Focus on the immune system has increased since COVID came to town. Whether you’ve been vaccinated or not, most people seem interested in how they can improve their immune system. 

When I learned the intricacies of the immune system during my nutrition training, I was amazed at how efficient and complex it truly is. Our bodies have three lines of defense to ward off foreign invaders. If any pathogens get past the first barrier of defense (our skin, for example), the second barrier goes to work, and so on. Multiple specialized cells recognize, seek out, and destroy any intruders the body doesn’t recognize. So if the body is so efficient at finding and destroying pathogenic intruders, why do we still get sick? Like any machine with multiple moving parts, we need to take care and provide what it needs to work optimally. So how can we provide our bodies—the most complex working “machines” I know of—what they need for optimal immune health? Below I offer up five suggestions to get you started.

1. Feed your bugs. 

We have more healthy bacteria living in our gut and in other parts of our body than total human cells! We are outnumbered by these microbes, but that is a good thing. Healthy bacteria, especially those living in our gut, help stimulate our immune system, feed epithelial cells (the lining of all external and internal surfaces in the body), and crowd out the bad bacteria that can cause illness. These bacteria live and thrive on fiber-rich foods. Fructan fibers are soluble fibers found in plant foods like onions, garlic, grains, beans, berries, and other vegetables. Cellulose is an insoluble fiber that our bodies can’t digest but still feeds our gut bugs. Examples include broccoli stems, carrot peels, and other tough, chewy plant parts we often throw away. Fermented foods like sauerkraut and kimchi also provide good bacteria for our gut.

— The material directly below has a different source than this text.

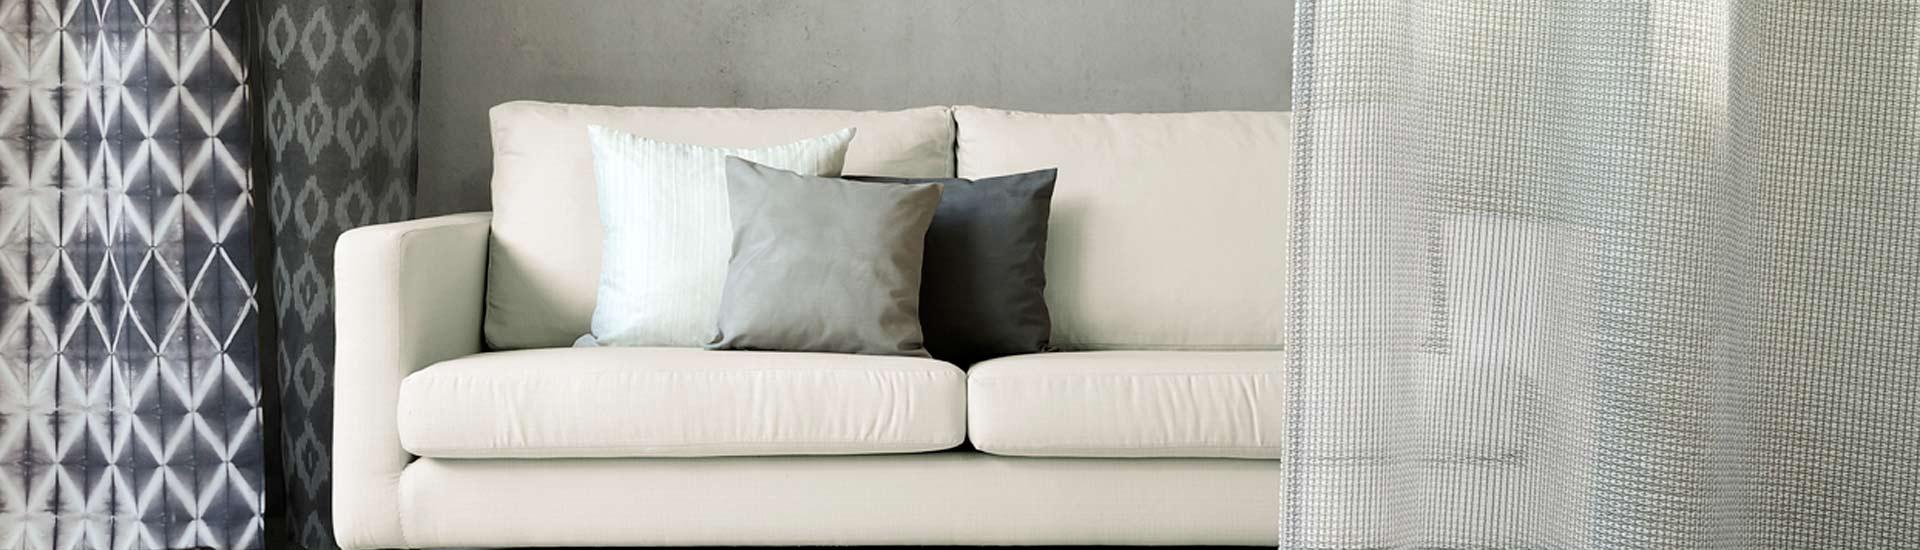 gardinen braunschweig raumausstatter dieckmann gardinen. Black Bedroom Furniture Sets. Home Design Ideas
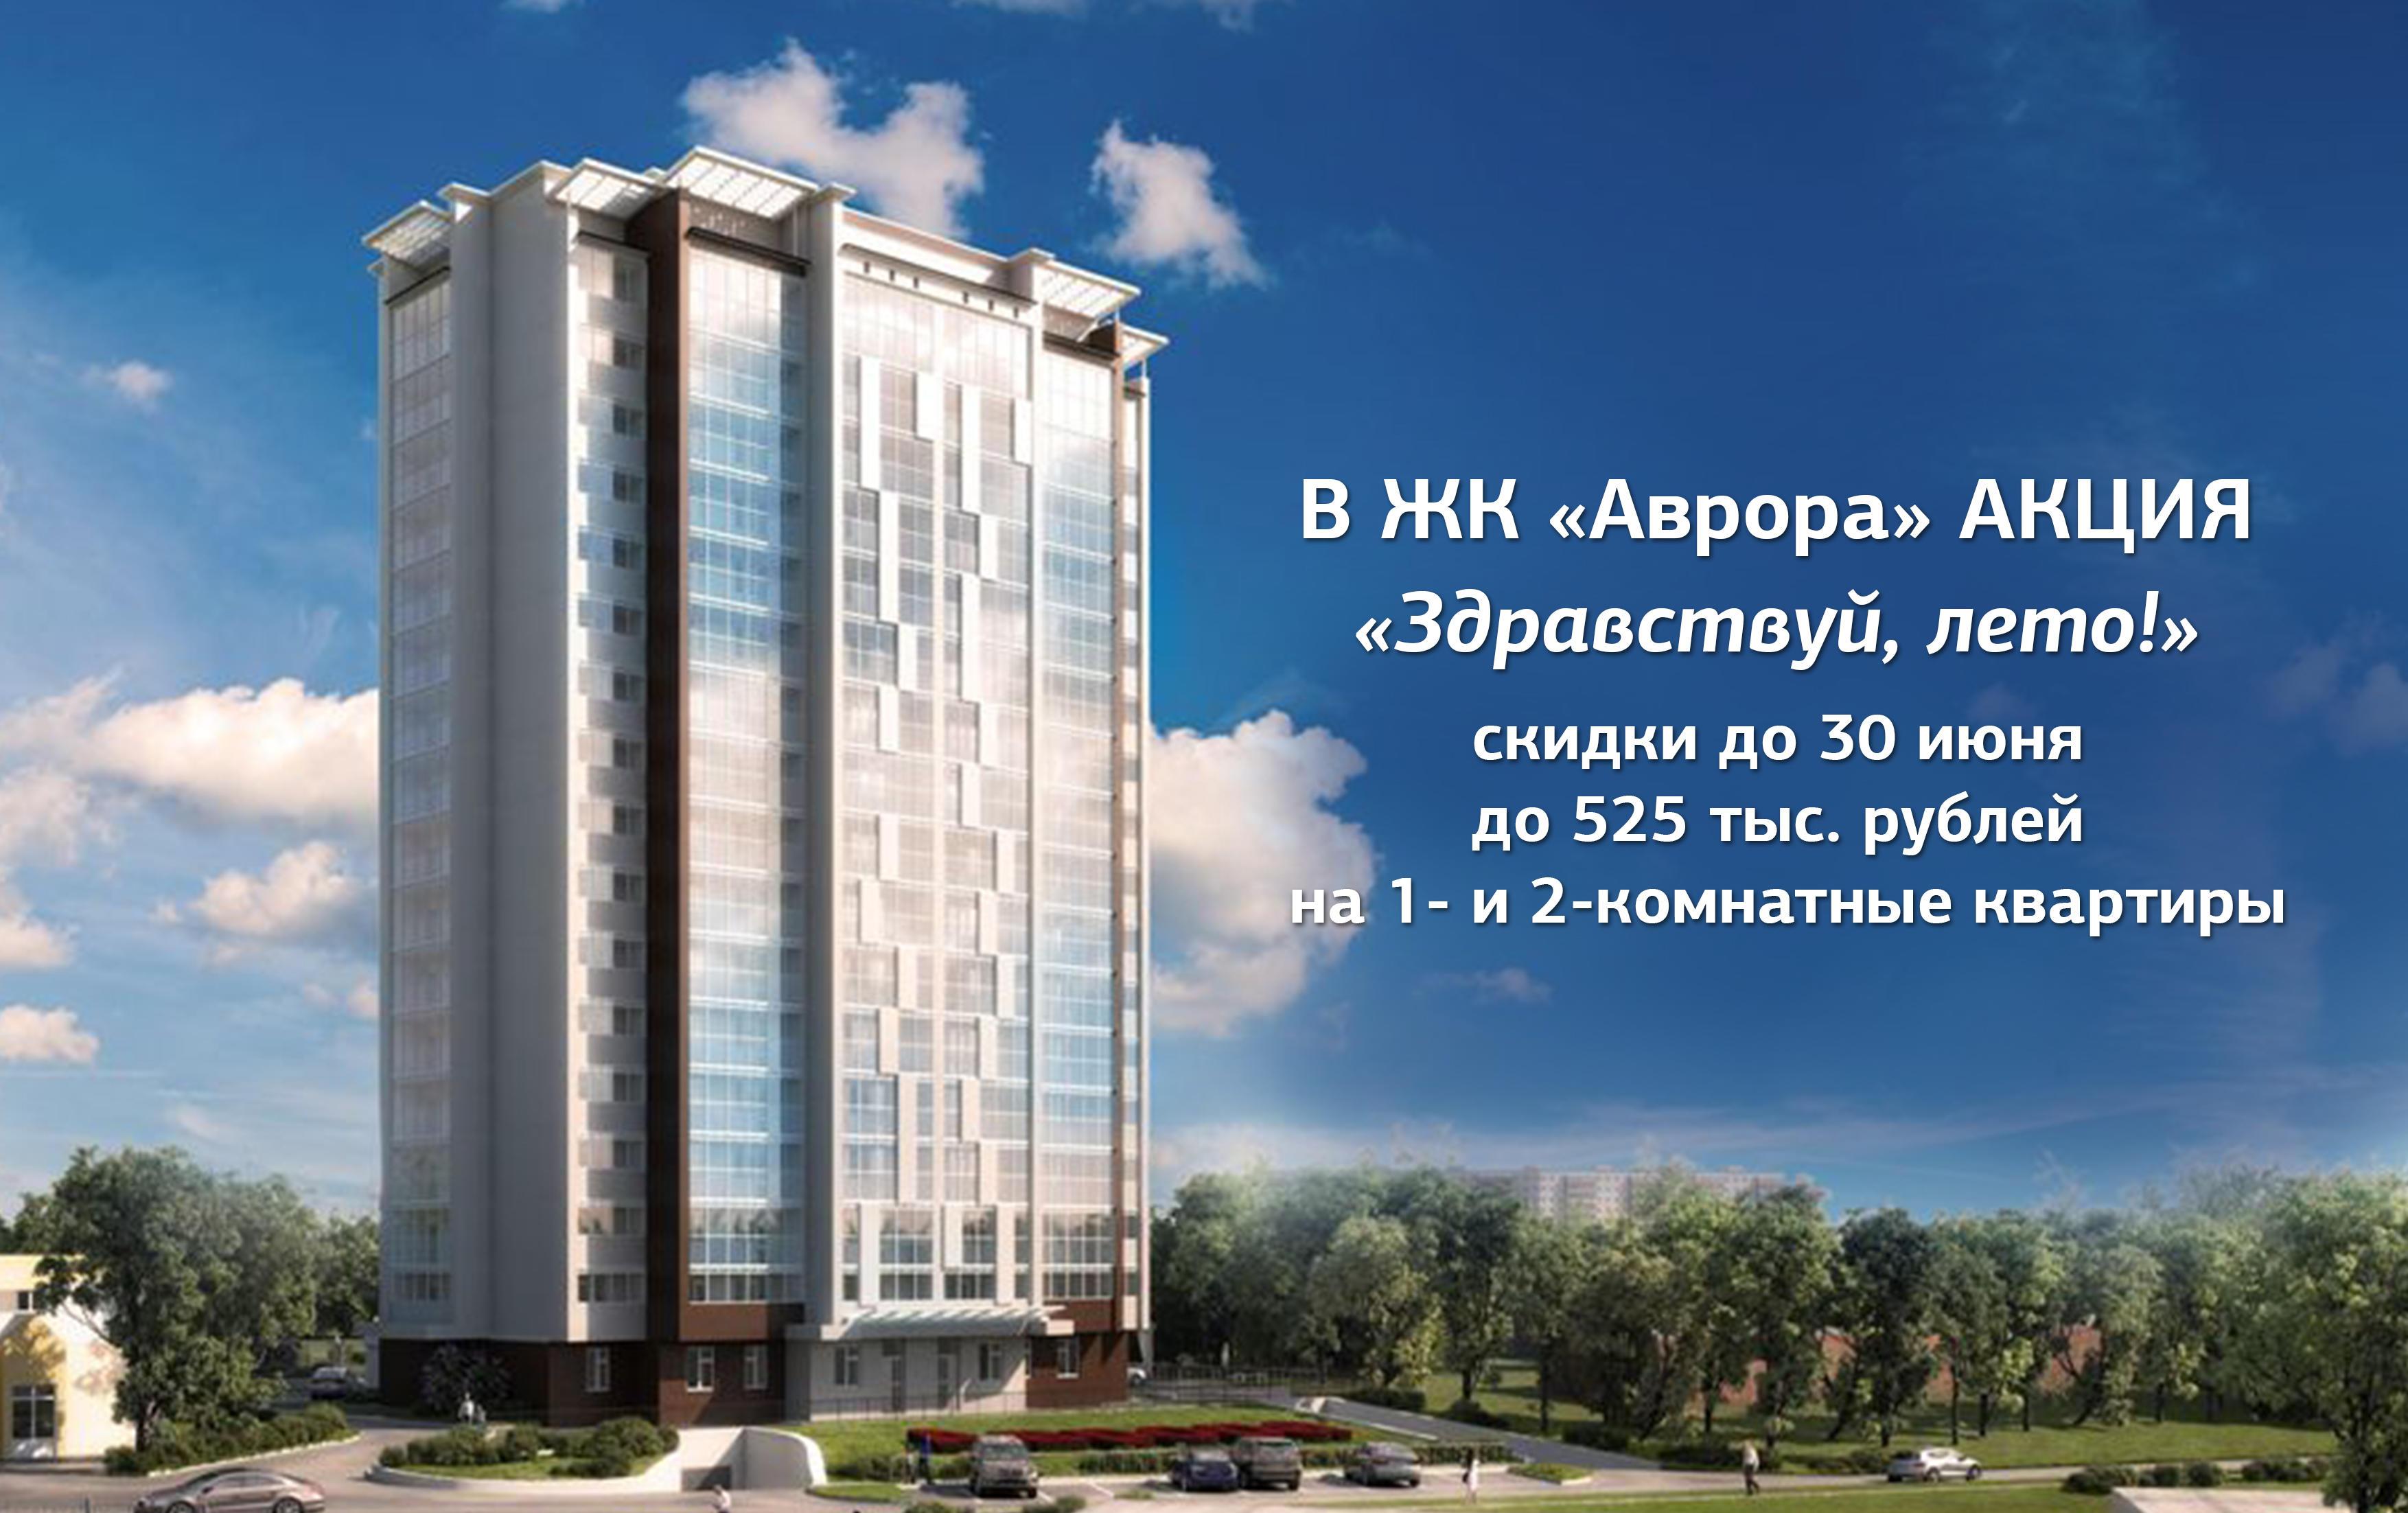 Только 10 дней квартиры с ремонтом в центре города от 2500 тыс. рублей!

2. Press the snooze button. 

Or, get to bed earlier. When we sleep our body systems go through a cleanout, getting rid of unhealthy cells and repairing damaged ones. Look at other lifestyle choices as well, such as smoking, drinking, and exercise. Eliminate smoking if possible, and decrease the amount of alcohol consumed, which can place added stress on several organs. Exercising regularly can lower blood pressure, improve cardiovascular health, control body weight, and protect against disease (Harvard Health Publishing, 2021).

3. Rethink your grocery list. 

This sounds obvious, but our cells function best when given proper nutrients. Look at your dinner plate and aim to have a good balance of macronutrients: proteins (grass-fed, organic meats), carbohydrates (organic veggies, whole grains), and fats (non-processed, non-GMO oils and fats). If you have had a history of digestive issues, you may want to try a digestive enzyme with your meals to help you absorb the nutrients you eat. Try to avoid excess sugar, as it is known to deplete your immune system for up to five hours (Sanchez et al., 1973). Skip the ginger ale next time you’re sick, and make yourself a homemade tea with peeled ginger instead!

4. Reach for the medicine cabinet. 

For supplements, of course. Modern farming practices have depleted our soil of vitamins and minerals, so the broccoli we eat today has only a fraction of the nutrients the broccoli our grandparents ate years ago had. We need to supplement with quality vitamins and minerals. Micronutrients like zinc, selenium, and vitamins A, C, and D are critical to a working immune system. Other supplements that have been helpful for boosting the immune system include quality probiotics (see above), medicinal mushrooms, which can provide beta-glucans and N-Acetyl Cysteine (NAC), found to be especially helpful in the fight against COVID-19 (Shi & Puyo, 2020).

5. Take a deep breath. 

Modern western medicine is starting to recognize the link between mind, spirit, and body. For example, anxiety can cause stomach upset, and anger can be harmful to the liver. Chronic stress, which can be a result of illness, relationship problems, and challenges at work (to name just a few), can put our bodies into a prolonged “fight or flight” mode. This state was only meant to be helpful to us in times of acute stress (like slamming on our breaks when a child runs into the street). Your heart will race for a moment, but your body eventually goes back to a more calm state. If we are consistently in a stressed state, hormones secreted can interfere with immune cell function (Padgett & Glaser, 2003). Finding time during your day to practice deep, meditative breathing will help your body return to a more relaxed state.

It seems most of us are busy and stressed these days. Now is the time to simplify and focus on improving our immune systems and overall health. I recently misplaced my cell phone at the airport when I was returning home from a short trip. I was without my phone for four days, which helped me realize how much time I spent (wasted?) on the device. It was a good reminder for me that I needed to take better care of myself physically and emotionally. I hope you do the same. Your immune system will thank you for it.